We proposed a novel method, mixed-resolution biometric comparison, which allows direct low-resolution to high-resolution comparison. The method is based on the likelihood ratio framework where in the derivation of the expression for the likelihood ratio, the combined statistics of the low- and high-resolution images is taken into account. Our experiments on surveillance quality images demonstrate that this method significantly outperforms the state-of-the-art.

In literature on low-resolution face recognition, what in some papers is considered as low-resolution, is still considered as high-resolution in other papers. To harmonize the terminology in low-resolution face recognition, we propose a resolution scale. We define the range of low-resolution and further divide it into Upper Low Resolution, Moderately Low Resolution and Very Low Resolution.

Because the lack of low-resolution images, most of the existing low-resolution face recognition methods are trained and tested using down-sampled images. In this thesis, we test various face recognition methods and demonstrate that down-sampled images are not fully representative of realistic low-resolution images. We further demonstrate that, inaccurate alignment is the major problem that causes the poor recognition performance on real low-resolution images.
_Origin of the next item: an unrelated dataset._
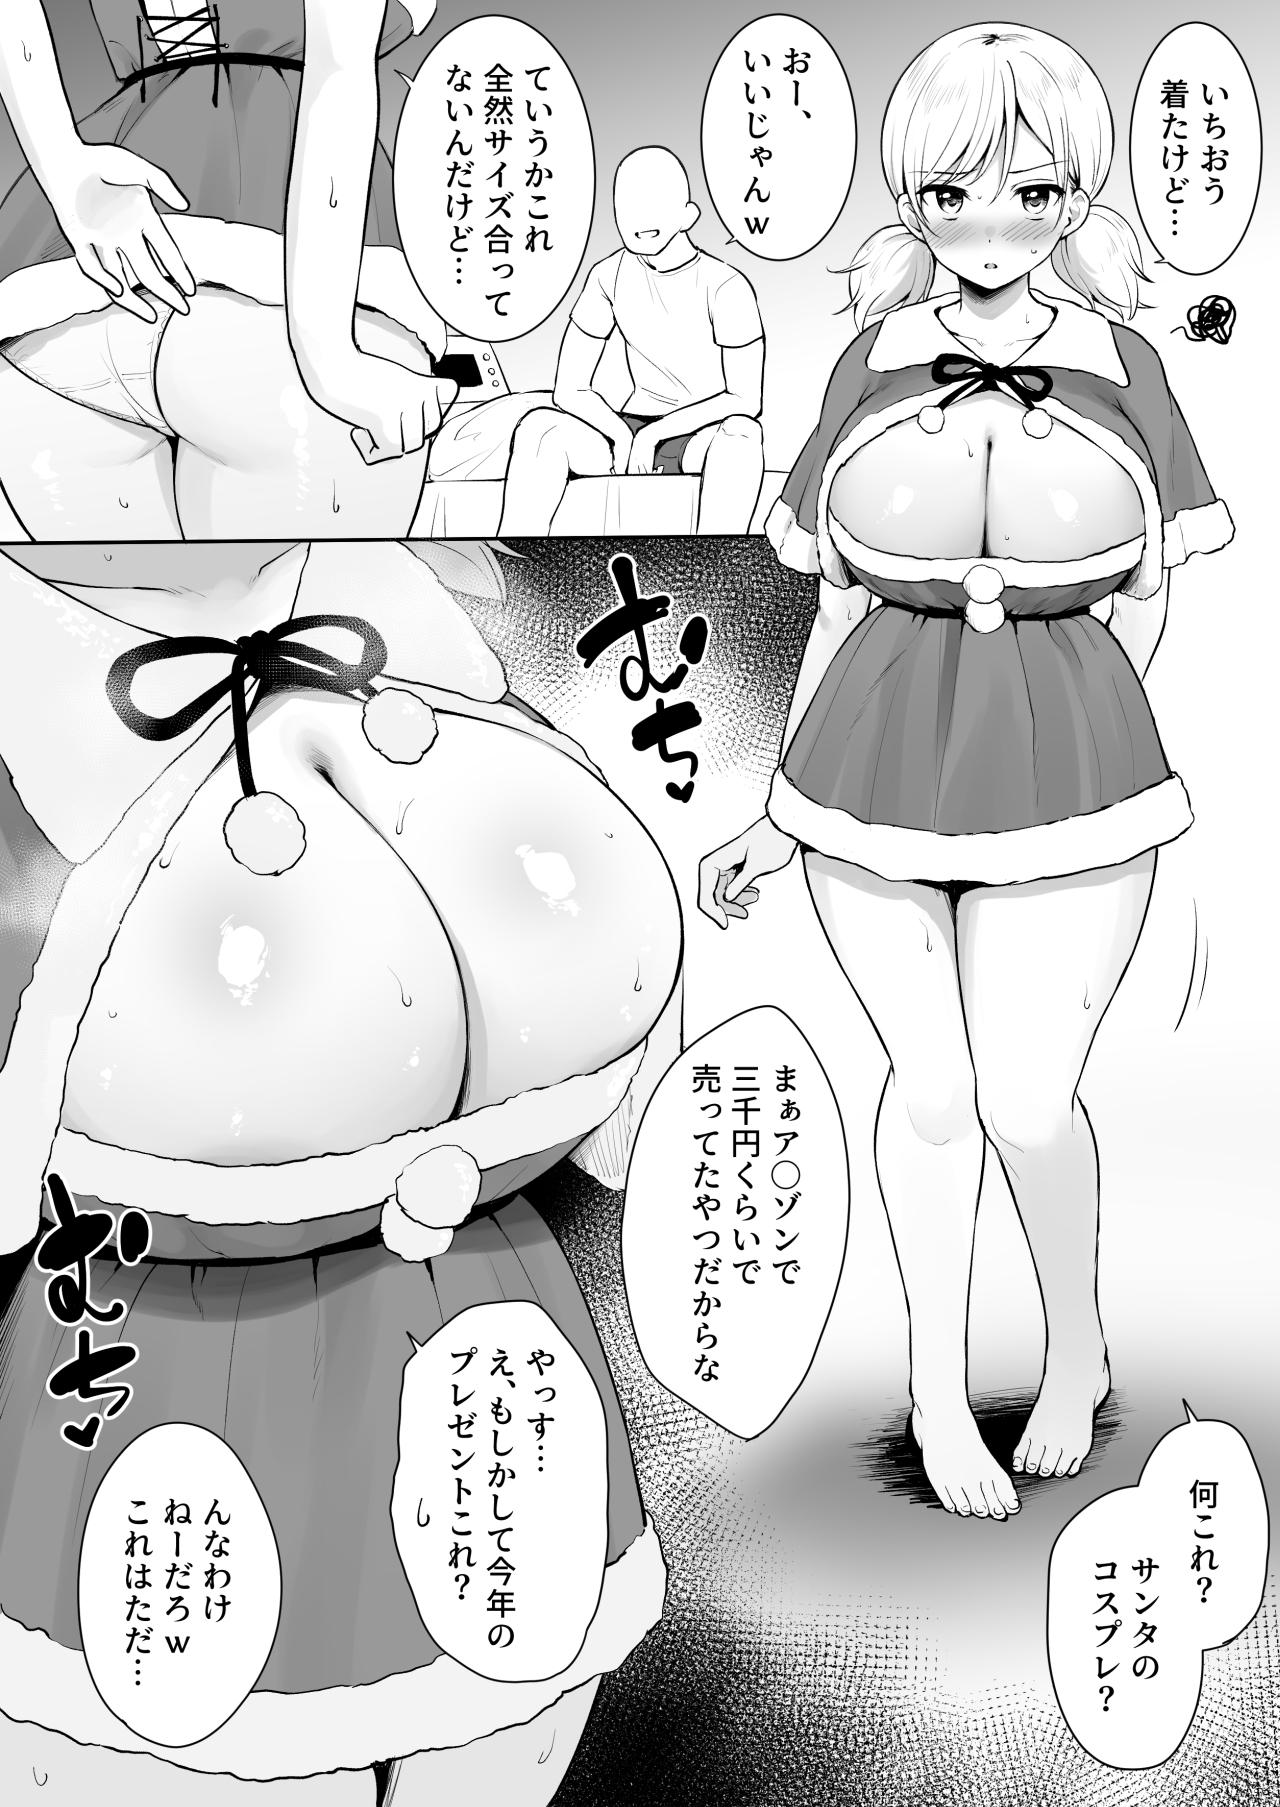 Pussy Licking Shinyu no Imouto - Sei no 6 Jikan Hen Hot Mom - Picture 2

In addition, we propose to use matching-score based registration to achieve better alignment and hence better face recognition performance.

In conclusion, we propose solutions to compare low-resolution probes with high-resolution galleries which significantly outperform the state-of-the-art on surveillance quality facial images. We emphasise that realistic low-resolution material should be used for training and testing. We focus attention on developing face recognition methods that can actually be useful for real-life applications. We bring an important step forward of low-resolution face recognition for forensic search.